Corresponding liabilities for these projects are included in Other Liabilities in the Consolidated Balance Sheet. There is no effect on the Company's net earnings or cash flows related to the capitalization of The Bow office project or the Deep Panuke PFC.
 
6. Discontinued Operations
 
As a result of the Split Transaction described in Note 4, on November 30, 2009, EnCana transferred its Downstream Refining operations to Cenovus. Downstream Refining focused on the refining of crude oil into petroleum and chemical products at two refineries located in the United States. These refineries were jointly owned with ConocoPhillips.
 
Consolidated Statement of Earnings
 
The following table presents the effect of discontinued operations in the Consolidated Statement of Earnings:
 
    Three Months Ended   Twelve Months Ended
    December 31,   December 31,
    2009   2008   2009   2008
                 
Revenues, Net of Royalties   $ 955     $ 1,497     $ 4,804     $ 9,011  
                 
Expenses                
Operating     87       117       416       492  
Purchased product     849       1,960       4,070       8,760  
Depreciation, depletion and amortization     27       50       173       188  
Administrative     26       7       44       26  
Interest, net     27       45       163       184  
Accretion of asset retirement obligation     1       1       2       2  
Foreign exchange (gain) loss, net     -       -       1       -  
(Gain) loss on divestitures     -       1       -       1  
      1,017       2,181       4,869       9,653  
Net Earnings (Loss) Before Income Tax     (62 )     (684 )     (65 )     (642 )

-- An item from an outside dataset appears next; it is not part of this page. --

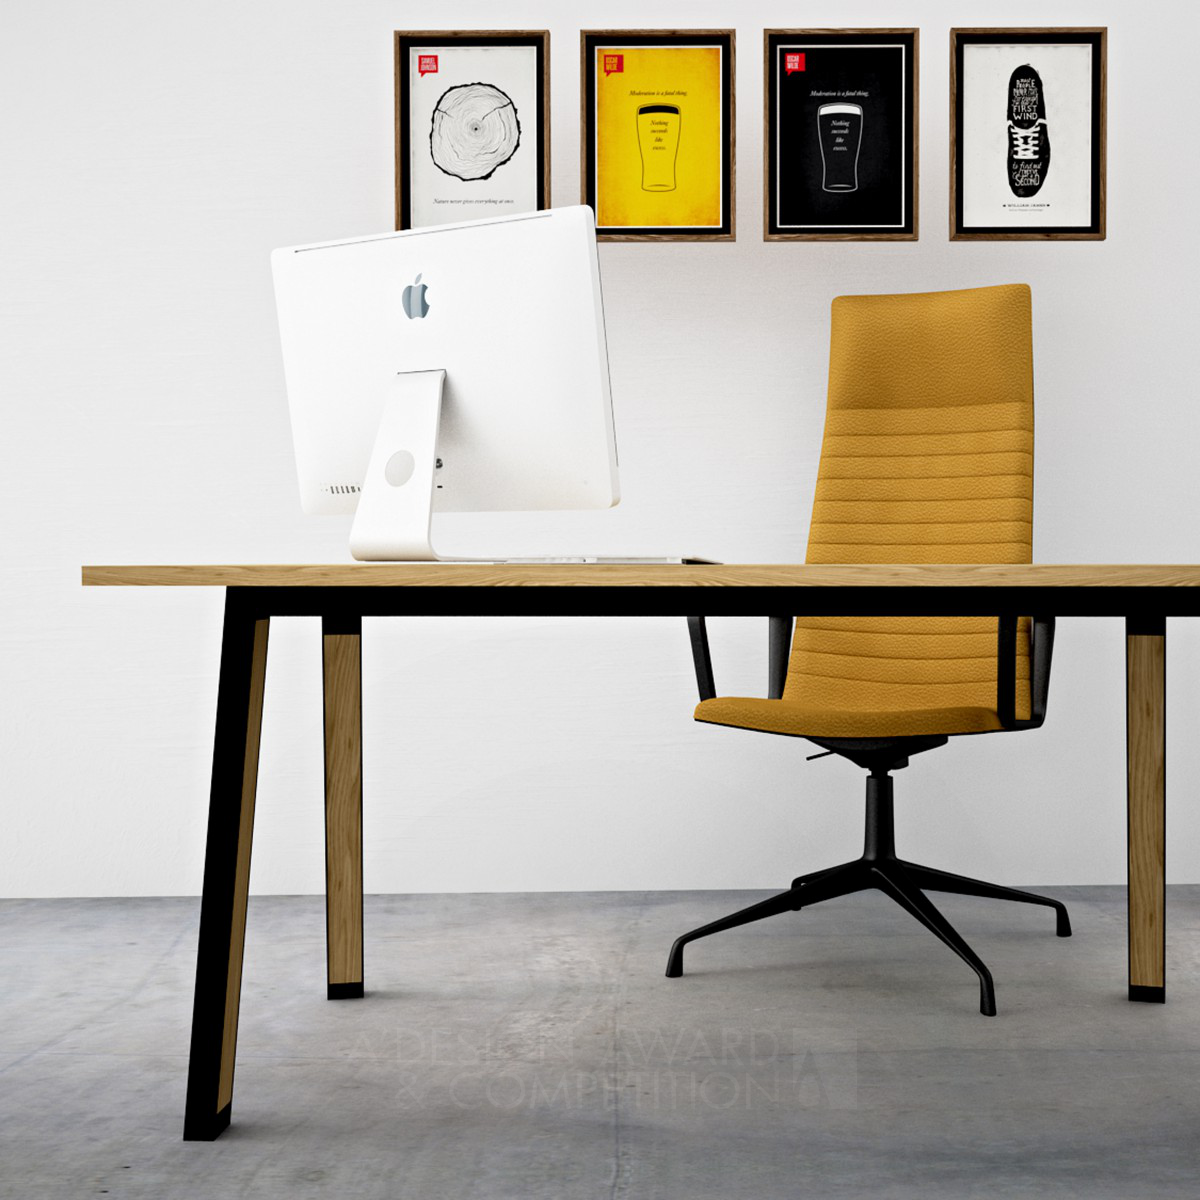 The SMART office desk by Petr Novague

Income tax expense (recovery)     (109 )     (292 )     (97 )     (87 )
Net Earnings (Loss) From Discontinued Operations   $ 47     $ (392 )   $ 32     $ (555 )
                 
Net Earnings (Loss) From Discontinued Operations                
per Common Share                
Basic   $ 0.07     $ (0.52 )   $ 0.04     $ (0.74 )

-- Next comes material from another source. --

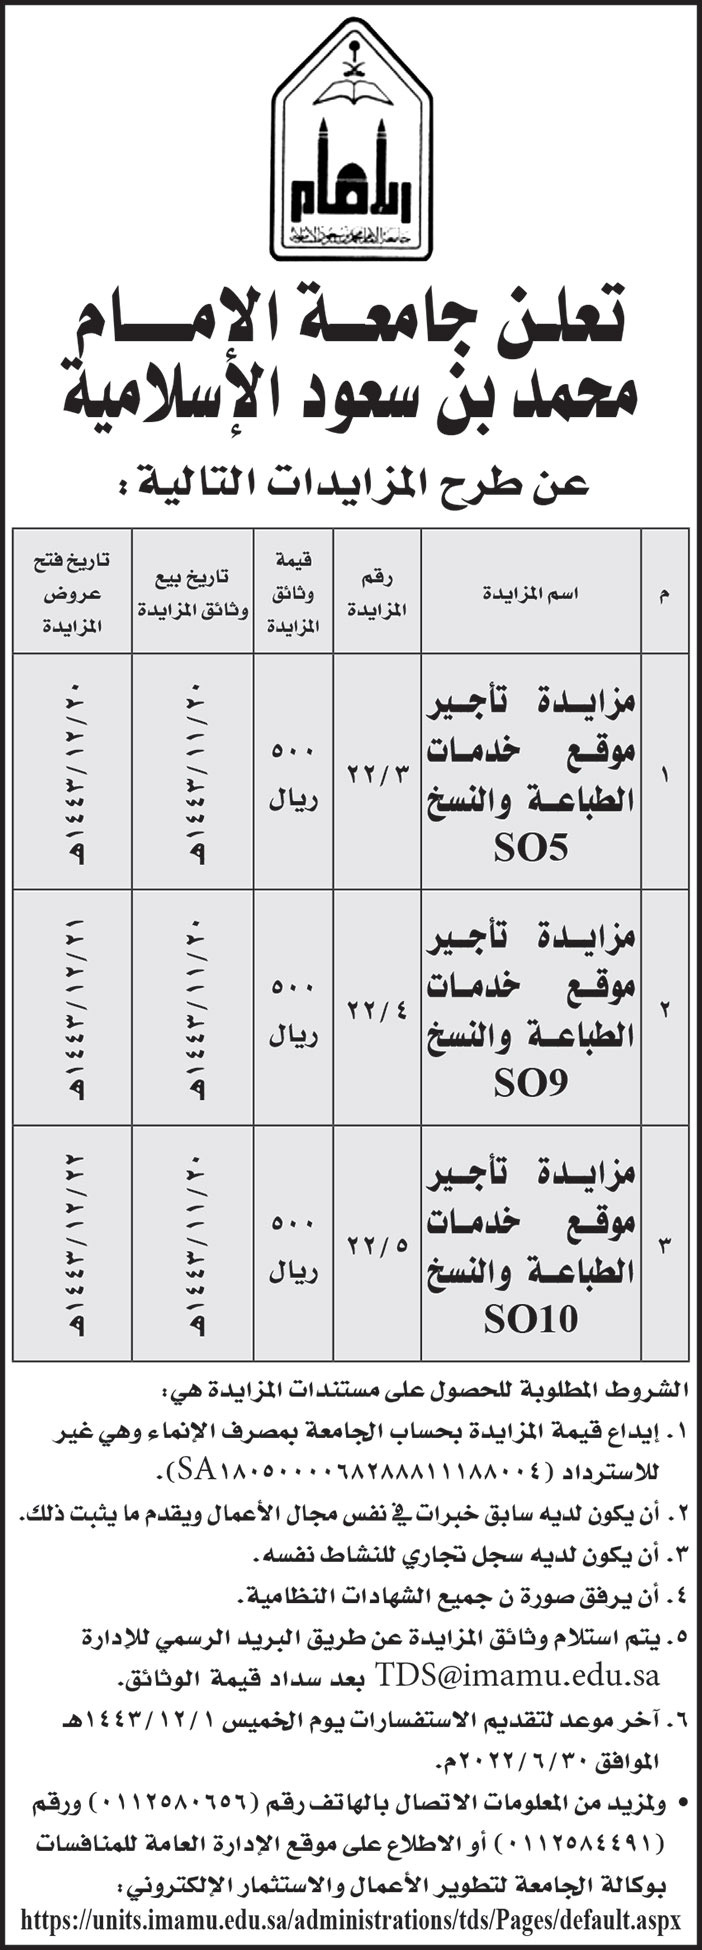 جامعة الإمام محمد بن سعود الإسلامية تطرح مزايدة تأجير موقع خدمات الطباعة والنسخ (SO5) ومزايدة تأجير موقع خدمات الطباعة والنسخ (SO9) ومزايدة تأجير موقع خدمات الطباعة والنسخ (SO10)

Diluted   $ 0.07     $ (0.53 )   $ 0.04     $ (0.73 )
 
Consolidated Balance Sheet
 
The following table presents the effect of the discontinued operations in the Consolidated Balance Sheet:
         
    As at   As at
    December 31,   December 31,
    2009   2008
         
Assets        
Current Assets        
Cash and cash equivalents   $ -   $ 29  
Accounts receivable and accrued revenues     -     132  
Inventories     -     336  
      -     497  
Property, Plant and Equipment, net     -     4,032  
Investments and Other Assets     -     137  
    $ -   $ 4,666  
         
Liabilities        
Current Liabilities        
Accounts payable and accrued liabilities   $ -   $ 423  
Income tax payable     -     (76 )
Current portion of partnership contribution payable     -     306  
      -     653  
Partnership Contribution Payable     -     2,857  
Asset Retirement Obligation     -     35  
Future Income Taxes     -     2  
      -     3,547  
Net Assets of Discontinued Operations   $ -   $ 1,119  
 
 
7. Acquisitions and Divestitures
 
Acquisitions
On May 5, 2009, the Company acquired the common shares of Kerogen Resources Canada, ULC for net cash consideration of $24 million. The acquisition included $37 million of property, plant and equipment and the assumption of $6 million of current liabilities and $7 million of future income taxes. The operations are included in the Canadian Division.
 
Divestitures
Proceeds received on the sale of assets were $1,178 million (2008 - $904 million). The significant items are described below:
 
Canada and USA
In 2009, the Company completed the divestiture of mature conventional oil and natural gas assets for proceeds of $1,000 million (2008 - $400 million) in the Canadian Division, $73 million (2008 - $251 million) in the USA Division and $17 million (2008 - $47 million) in Canada - Other.
 
Corporate and Other
On November 3, 2009, the Company completed the sale of Senlac Oil Limited for cash consideration of $83 million.